The software GraphPad Instat version 3.0 for the Windows (Graph Pad Software, San Diego, USA) was used. Data were initially checked for the normality (Kolmogorov and Smirnov test) and homogeneity (Bartlett test). For the heart and kidney weight, these criteria were satisfied and the data were analyzed by the ANOVA. For alkaline phosphatase in the liver and fluoride concentration in the plasma and liver, data had normal distribution, but there was no homogeneity of standard deviations. They were then analyzed by the ANOVA after logarithmic transformation. Tukey's test was used as post hoc for the ANOVA. Data related to liver weight were not homogenous and were then analyzed by a nonparametric test (Kruskal-Wallis).
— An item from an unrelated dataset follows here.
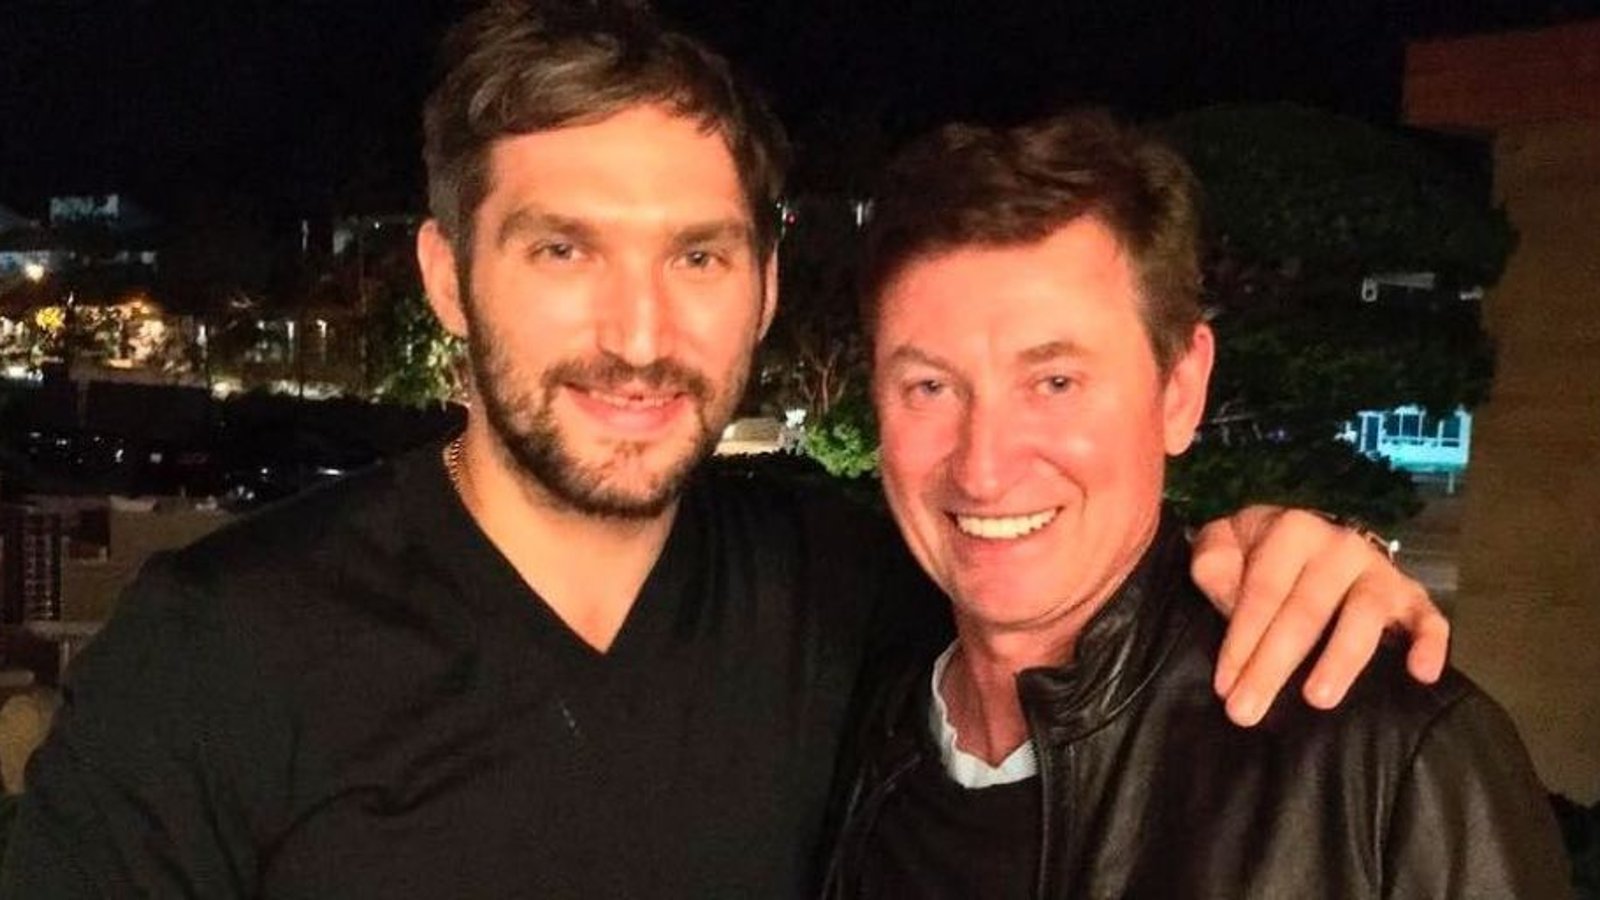 Gretzky and Ovechkin to face off in interview

The level of significance in all the cases was set at 5%.
In general, there was a decrease in the weight of the organs with the increase in fluoride concentrations given to the animals (Table 1). Significant differences were observed for the liver (KW=12.178) between the control group and the group treated with 50 ppm F. Significant differences were also detected for the kidney (F = 4.654). Control group was significantly different from the groups that received 15 and 50 ppm F.
Significant differences were also found for the hearts (F = 6.675). In this case, group III was significantly different from the groups II and IV.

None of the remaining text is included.